Without Bidule or Bome:

  1. Setup up a virtual MIDI port. You could use loopMIDI (free, very nice, unlimited number of ports, easy to add/remove them at will), loopBE, MIDIyolk, whatever).

  2. Launch Cubase first and let it have control of everything.
    Make an empty MIDI Track, set its input to which ever keyboard you wish to route to Dorico. Set it’s output to your virtual port. Set the channel to ANY if you’d like to do channel changes via the keyboard, or if you want a hard channel routing choose the channel you prefer.

If you have multiple controllers (more than one keyboard, wind jammers, etc), make more empty MIDI tracks like above to what ever you want via virtual ports.

Toggle the monitor button for the track ON.

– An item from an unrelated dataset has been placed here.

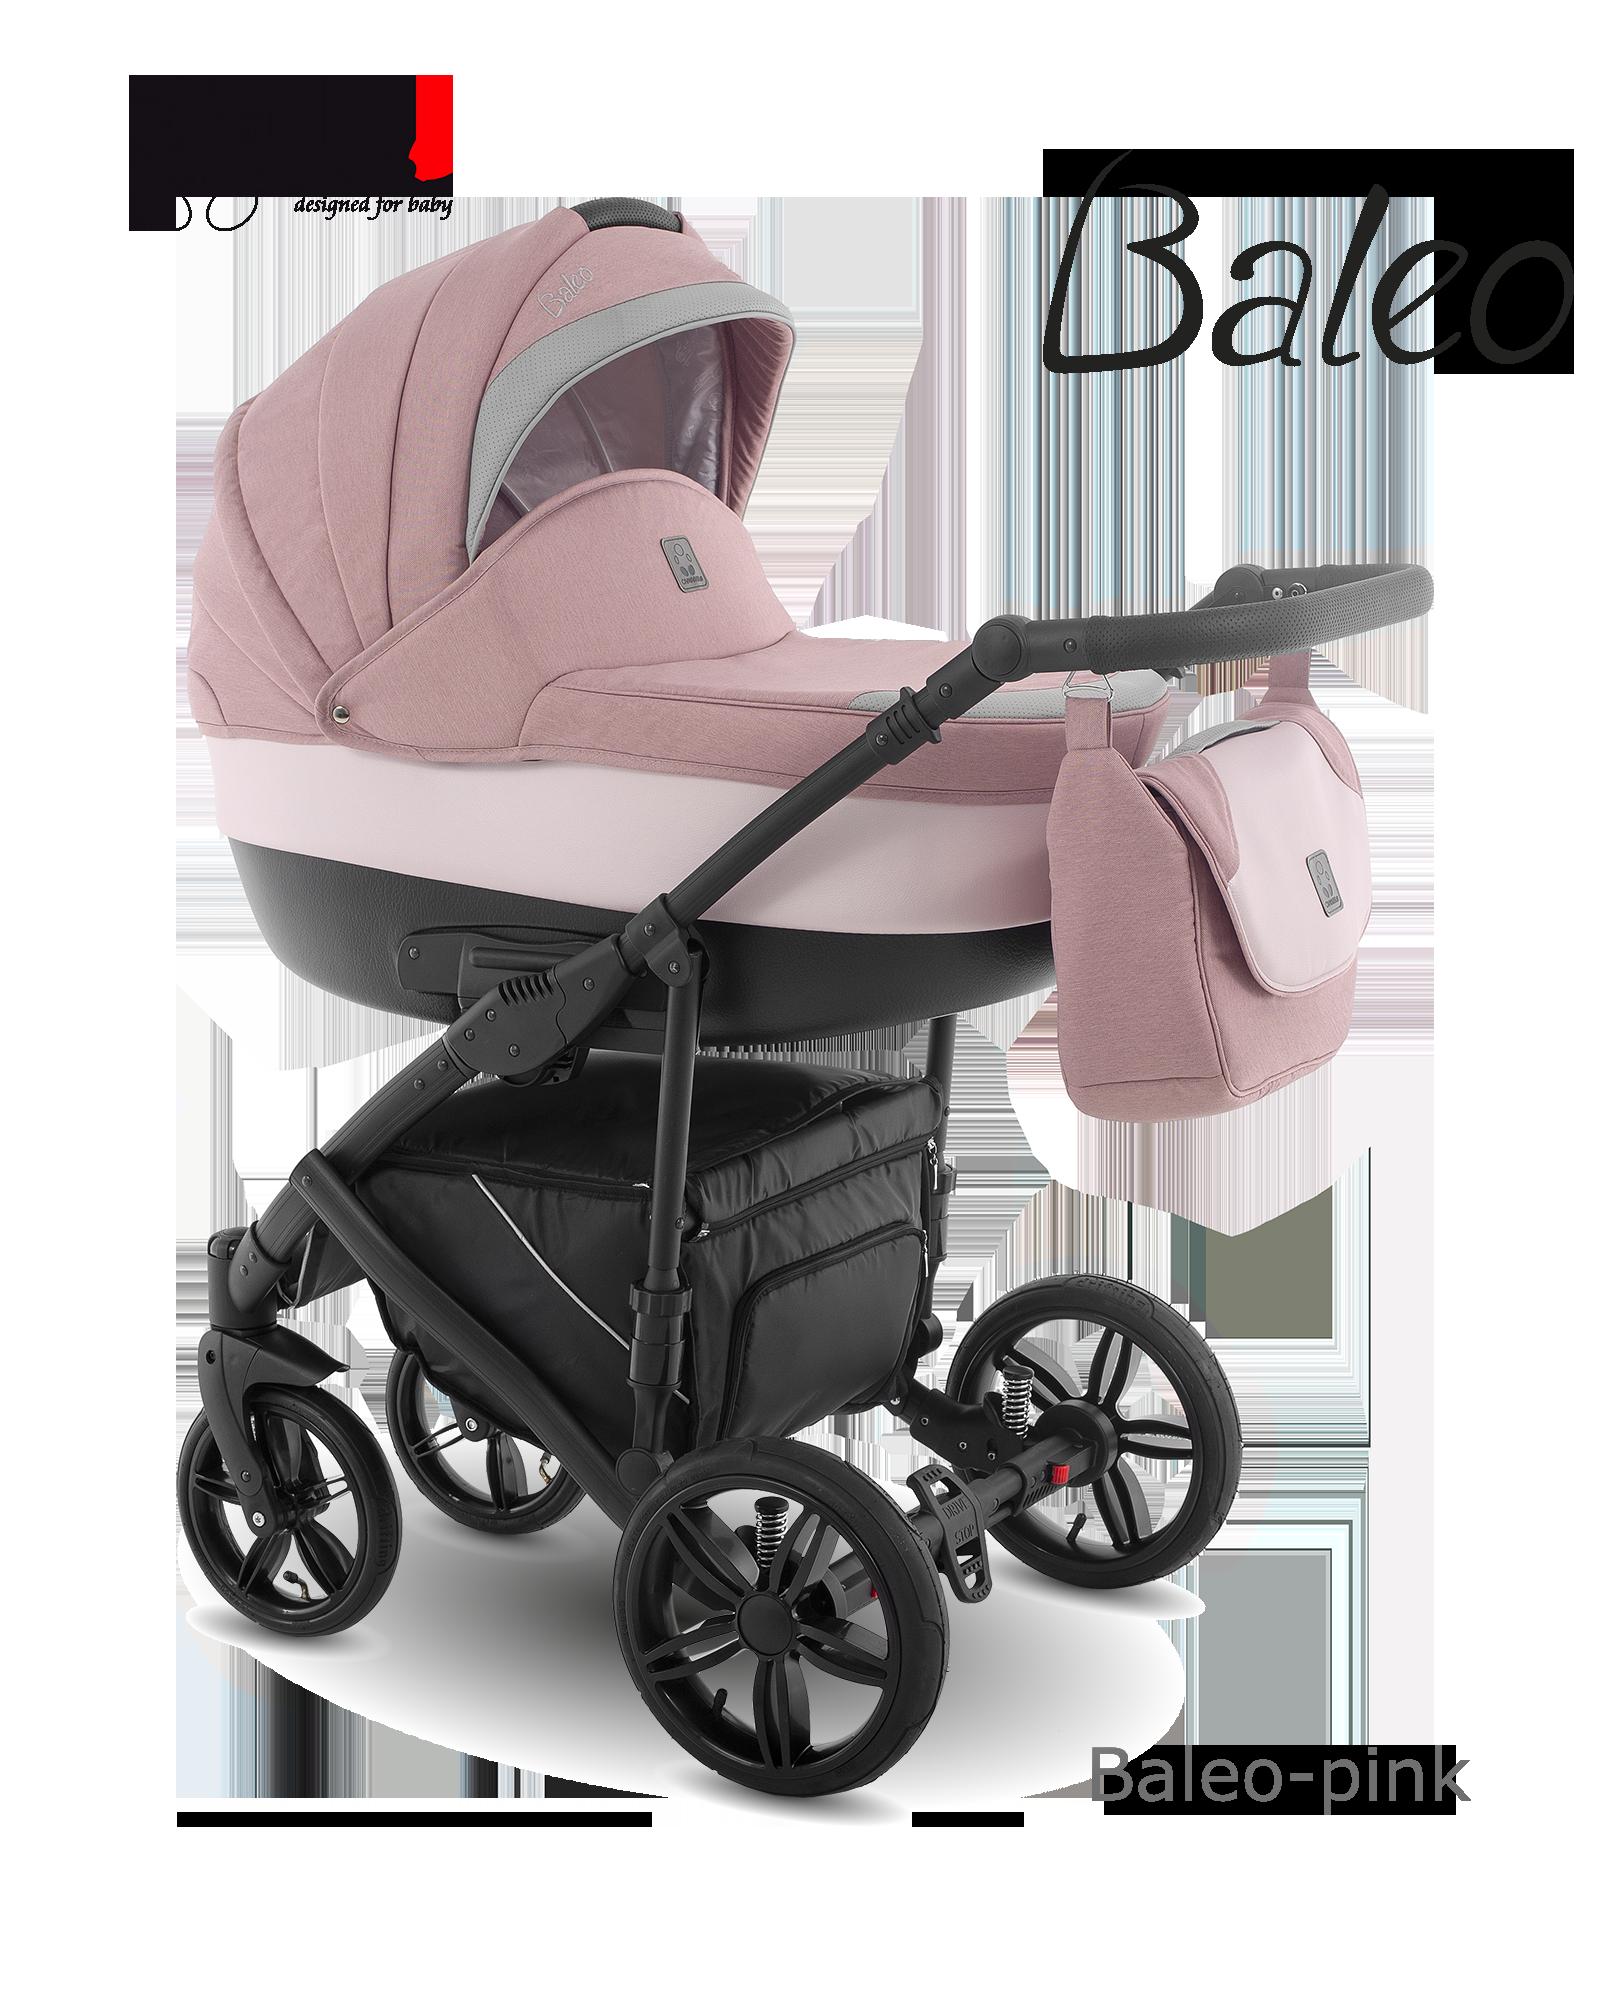 Baleo-pink-a
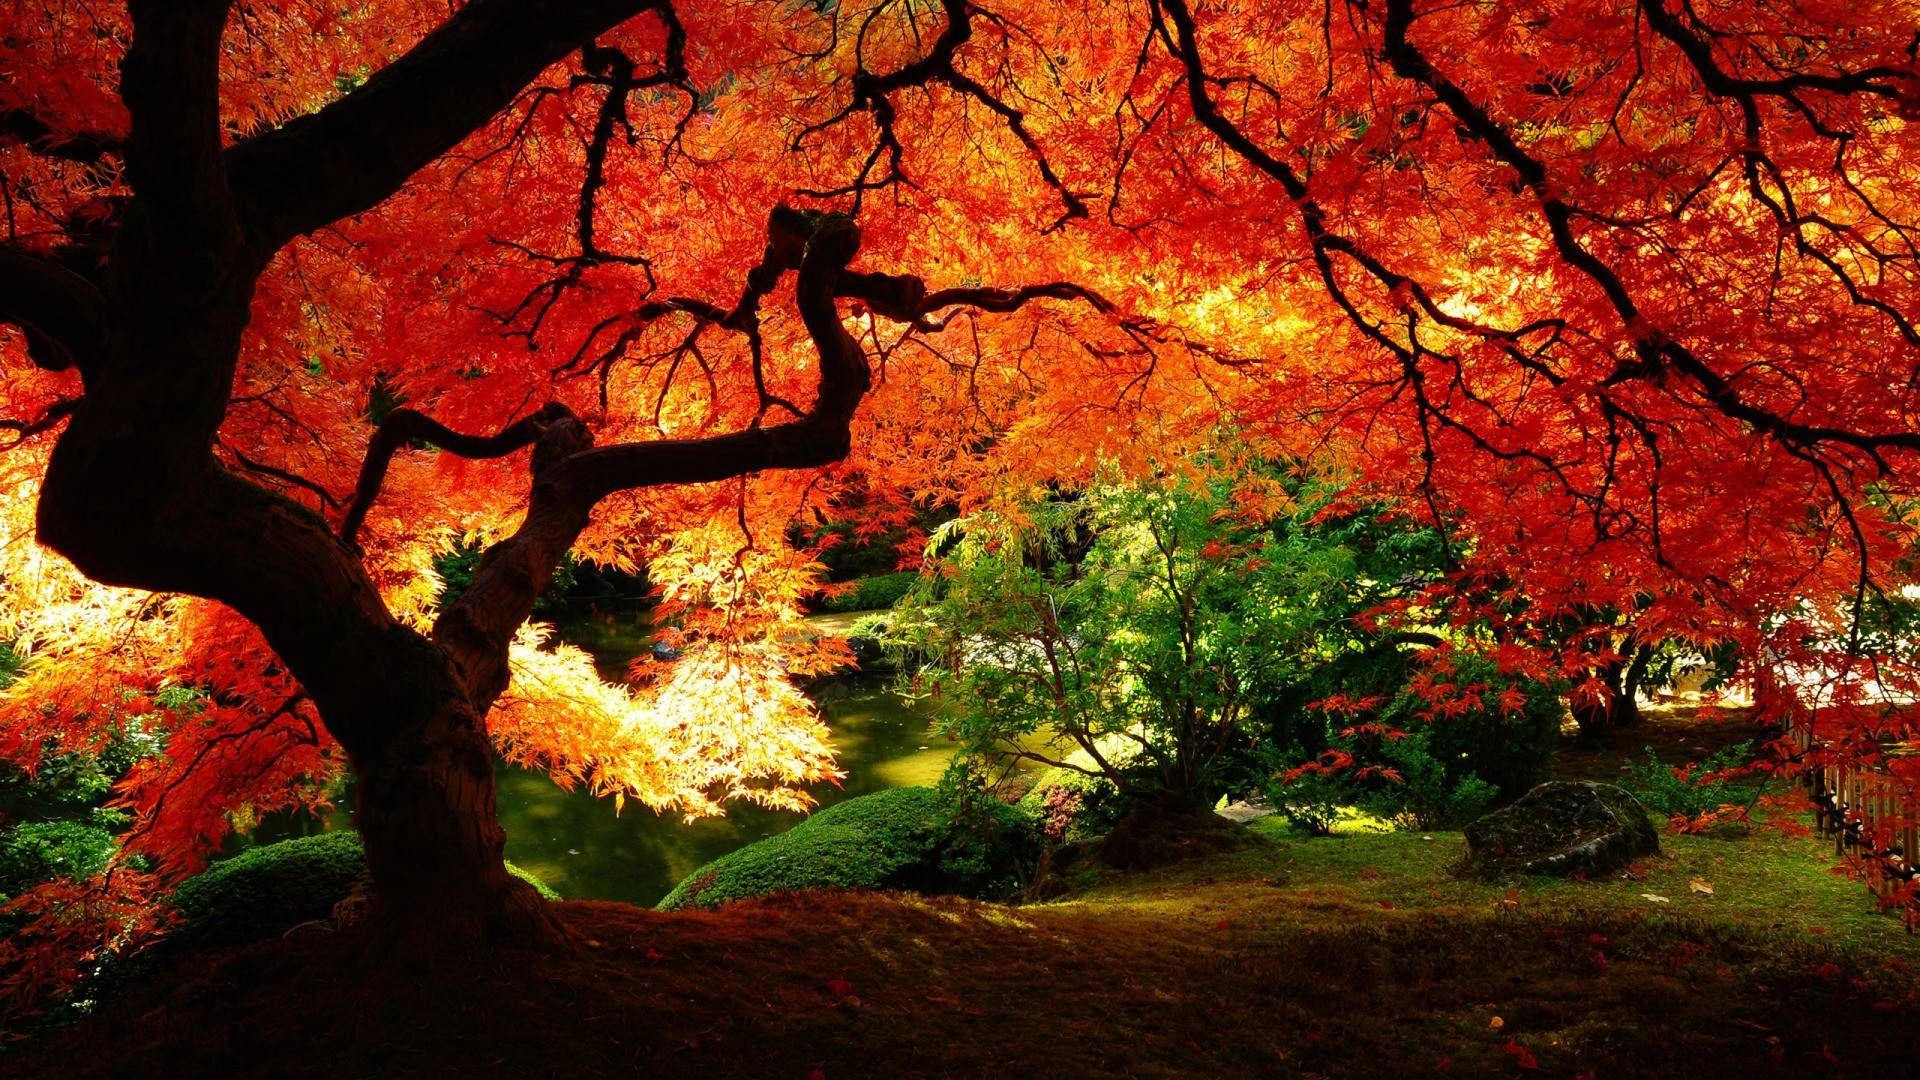 Japanese Garden Wallpaper HD Resolution 8s22 1920x1080 Px 46679 KB OtherJapanese Traditional Art Desktop Designs

If these ‘routing tracks’ are in your way, you can stash them in a folder and ‘hide’ it out of the way until you need to see it again.

  1. Launch Dorico.
    By default it’ll hear anything coming through ports it can access on launch. Your virtual port should be connected already. If you like, you can open Dorico’s preferences and mute out anything showing up that you’d like it to ignore.

With Bidule or Bome (both have free to use demos that would fit the bill for simple routing):

  1. Set up some virtual ports and give them nice names if possible (You can name them with loopMIDI).

  2. Run Bidule or Bome FIRST, and set it up to grab your MIDI device(s) as input, and use your virtual port(s) as output. With Bidule, you’d only need one instance and you could route as many incoming MIDI devices as you like anywhere you want it to go via the virtual ports. With Bome, you’ll most likely want a fresh instance for each controller device you’ll be using. Again, you’d have it grab the device(s), do its processing (optional), and route it on to a virtual port.

  3. Have Cubase and Dorico listen to the appropriate virtual port(s).

Brian, thanks so much now it’s perfectly cleared up.

Fortunately, I have the ESI M8U eX 16 port USB 3 interface, which works with the generic Windows driver. However I remembered ESI does have an optional driver, and upon installing that I’ve got unlocked technology!

I can’t recommend this interface enough. And whatever you do avoid the MOTU Midi interfaces. I got the MIDI Express XT, and at one point my Windows computers refused to sleep, instead doing a hard shutdown. Traced it to this interface. MOTU replicated the issue, but now six months later refuses to fix it. The driver is from 2013! Go with the ESI, which in the 21st century is also updated with USB3.0.

Until it stopped working … but this time I could switch over to another interface (so two keyboards on different interfaces) and that does work. Chaos! Weird things going on … no, that turned out to be an odd Nuendo problem. It won’t accept input directly from that port, but “All MIDI Input” is OK.

Ouch, I feel the pain. Every time I plug in something ‘different’ it always comes with yet another learning curve and ‘work-around’ solutions.

I almost forgot to add that some drivers add options to the Windows control panel as well.
Might check that out just in case. I usually go to the old legacy UI for it since I’m most familiar with it.

Click Windows start icon, type in Control Panel and run that. Look closely just in case some of your MIDI gear has added control panels with extra ‘options’.

I notice in my case some stuff for my Roland XR, Tascam US-1200, and Delta 1010 interfaces.